Abstract
α-Toxin is secreted by Staphylococcus aureus as a soluble monomer that without further activation can oligomerize and form a transmembrane channel. One of the aims of the present work was to understand the underlying mechanisms of the membrane insertion process. We first showed that α-toxin undergoes a native to molten globule transition at acidic pH. We then demonstrated that the variation in kinetics of channel formation in negatively charged lipid vesicles increased as a function of the interfacial pH correlated with the appearance of the acidic molten globule state. Further studies indicated that unfolding occurred in several steps presumably reflecting the existence of independent folding units. The different unfolding steps could be selectively affected by varying the temperature or the ionic strength. However, unfolding was only partial as the secondary structure remained native-like as shown by far UV CD spectroscopy. Membrane insertion correlated with the first unfolding step.
We then analysed the different steps leading to channel formation. Membrane binding and oligomerization could never be separated under our experimental conditions suggesting they were concomitant. This step was accompanied by a significant conformational change as indicated by the fact that the tryptophan residues, which were shielded in the soluble monomer, became accessible to the hydrophilic quencher KI. Moreover the membrane bound pre-pore had higher thermal stability than the soluble monomer and was protease resistant. Upon subsequent membrane insertion, a second conformational change occurred during which the tryptophan residues became buried as indicated by the fact that they could be quenched by the brominated lipids. This change in environment of the aromatic residues was confirmed by the fact that the near UV CD spectrum collapsed. This increased flexibility of the complex was in turn confirmed by the observation that the transmembrane channel was protease sensitive and did not undergo any thermal transition upon heating.

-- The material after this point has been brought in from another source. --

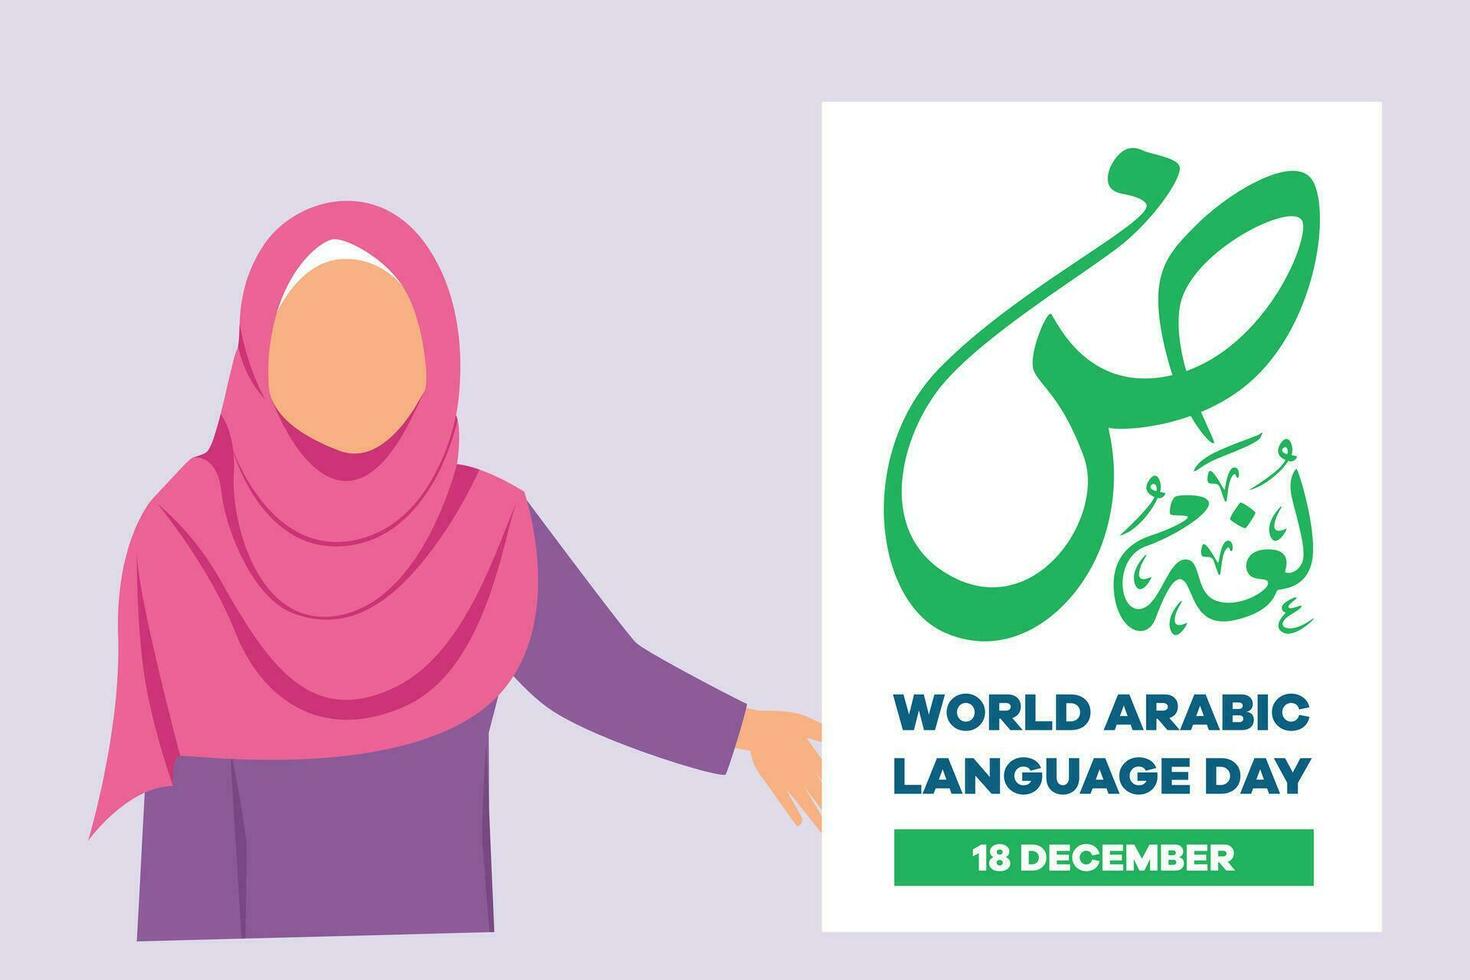 wereld Arabisch taal dag Aan 18 december. Arabisch taal concept. gekleurde vlak vector illustratie geïsoleerd.
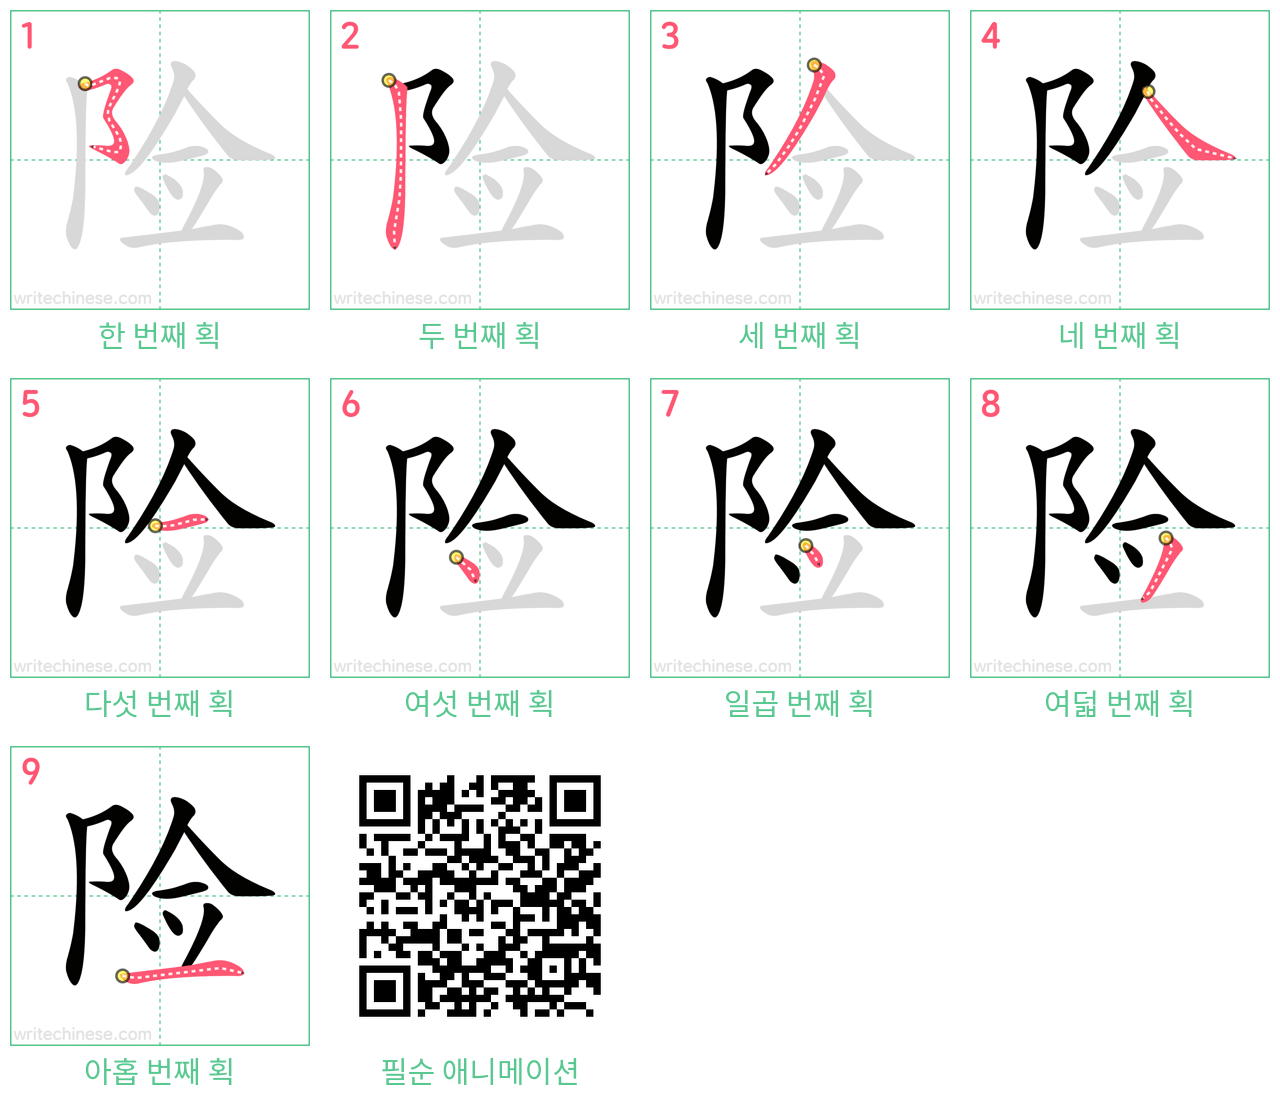 险 step-by-step stroke order diagrams

The present work indicate that the α-toxin monomer has to undergo a transition to a molten globule state in order to become competent for membrane insertion. Moreover some of the characteristics of this highly flexible intermediate state are retained in the final channel form of the toxin as illustrated by the fact that the molten globule in solution and the transmembrane channel are sensitive to pronase at the same sites. The above observation shed new light on the structure of the α-toxin channel. Indeed it was thought to be a rigid structure. In contrast our data show that α-toxin forms a rather flexible complex in the membrane. This flexibility might be important for the channel-gating mechanism and demonstrating this will be a challenge for the future.